No tenía un recuerdo claro de lo que sucedió después.
La próxima vez que recobré la conciencia fue porque mi cuero cabelludo volvía a sentirse húmedo y pegajoso.
El agua escurría por mi rostro desde el cuero cabelludo y bajaba por mi cuello, terminando por empapar mi ropa.
Se sentía como gusanos húmedos y pegajosos.
Estaba aturdida.
Mi corazón parecía atrapado en mi garganta, temblando y obstruyendo mi respiración.
No podía respirar.
Instintivamente comencé a rascarme la cabeza y la cara.
Después de rascarme durante un tiempo, una mano agarró mi brazo de repente, y una voz me dijo: —No tengas miedo, está todo bien, todo está limpio ahora…
La voz repitió las palabras innumerables veces.
Combinado con el hecho de que mi cuerpo había sido restringido, poco a poco logré calmarme.
Fue entonces cuando me di cuenta de que estaba debajo de una regadera.
No sabía dónde habían ido mis ropas.
Lo que fluía por mi cabello hacia mi rostro era agua.
El agua fluía desde mi rostro hacia mi cuerpo y finalmente se acumulaba en el suelo.
Se mezclaba con rastros de sangre roja profunda.
Aparte de mis pies descalzos, también había unos zapatos de cuero de hombre en el agua.
Giré la cabeza rígidamente y miré.
Era Tristen.
Era quien acababa de agarrarme con el brazo.

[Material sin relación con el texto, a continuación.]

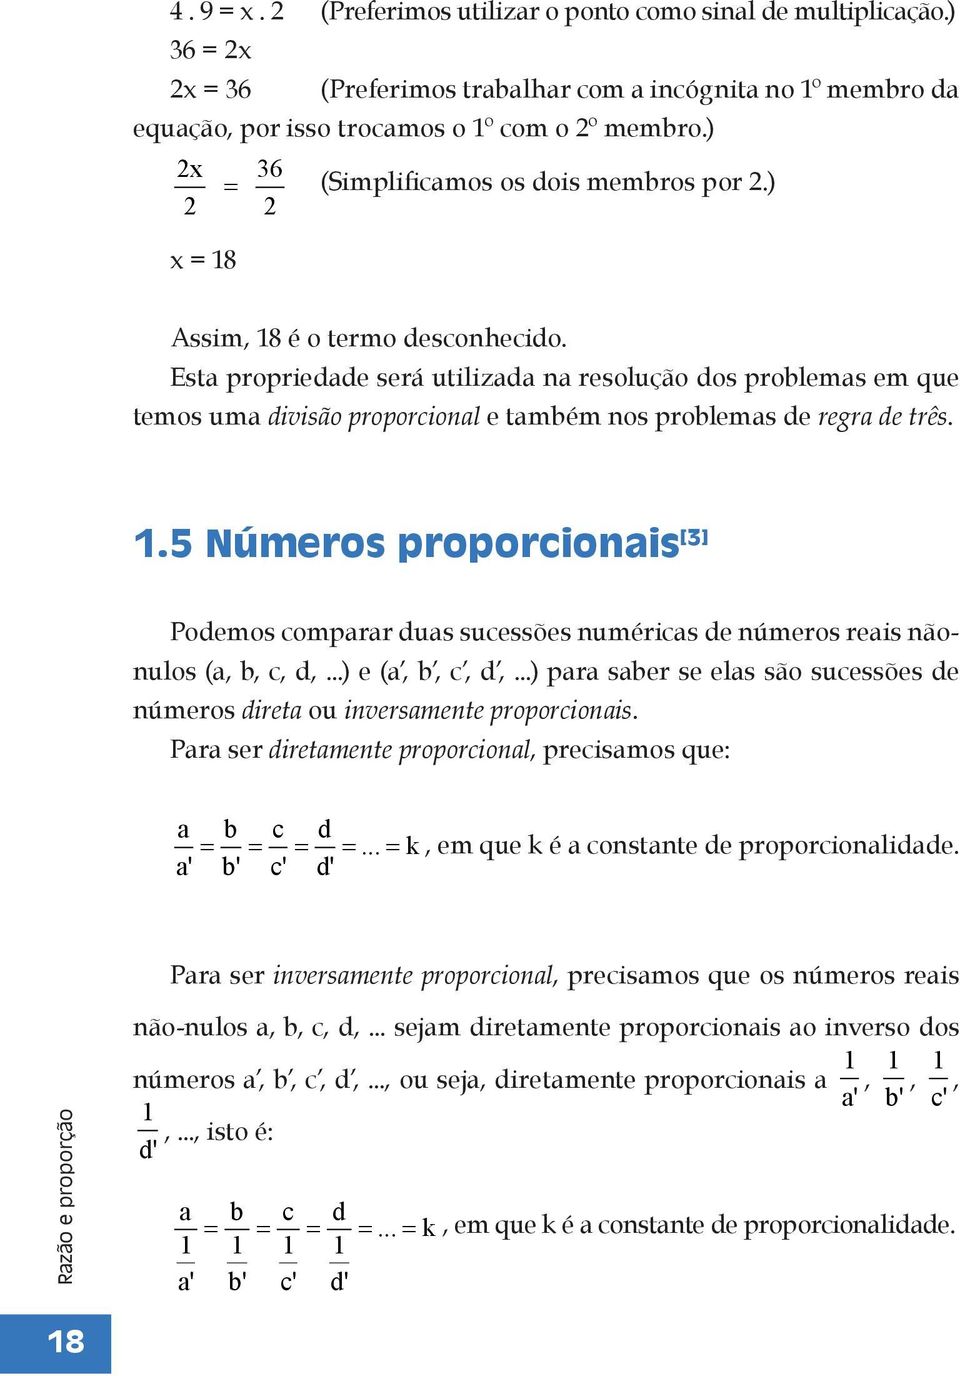 Esta propriedade será utilizada na resolução dos problemas em que temos uma divisão proporcional e também nos problemas de regra de três. 1.

En ese momento, él también estaba debajo de la regadera, y su rostro estaba cubierto de agua.
Mientras lo miraba, apartó la mano para sostener mi rostro y besó mi frente.
Sus labios estaban fríos y húmedos.
El beso se deslizó lentamente desde mi frente, pasando por mis párpados, hasta el borde de mis labios, como un gusano retorcido.
Empecé a temblar violentamente y sentí una oleada de náuseas.
Debo haber lucido muy obvia, así que Tristen soltó su mano.
Empujé unas cuantas veces, pero no tenía la fuerza para apartarlo.
Tampoco podía hablar, solo quería vomitar cuando abría la boca.
Tal vez vomité sobre él…
Pero era difícil de decir cuando se mezclaba con el agua.
Solo sentía que me abrazaba, acariciando mi espalda con la palma de su mano, y lo oía decir en mi oído: —Está bien, Phoebe…
Después de mucho tiempo en la ducha, finalmente esa sensación particularmente nauseabunda comenzó a desaparecer.
Tristen tomó una toalla para envolverme y me sacó del baño.
Me acostó en la cama del hospital, desató su camisa mojada y dijo: —Voy a cambiarme de ropa, y vuelvo enseguida.
Bajé la mirada y miré la cama del hospital.
La ropa de cama era nueva, pero ¿qué pasa con los espacios?
Pensando en esto, no pude evitar sentir náuseas de nuevo.
En ese momento, una mano se acercó por encima de mi cabeza.
Me quedé paralizada y luego, la voz de Tristen sonó en mi oído: —Cambiaron de habitación, ya no es esa cama.
Giré la cabeza para mirarlo.
Él me miró con los ojos bajos, y mientras lo miraba, se inclinó y besó mis labios.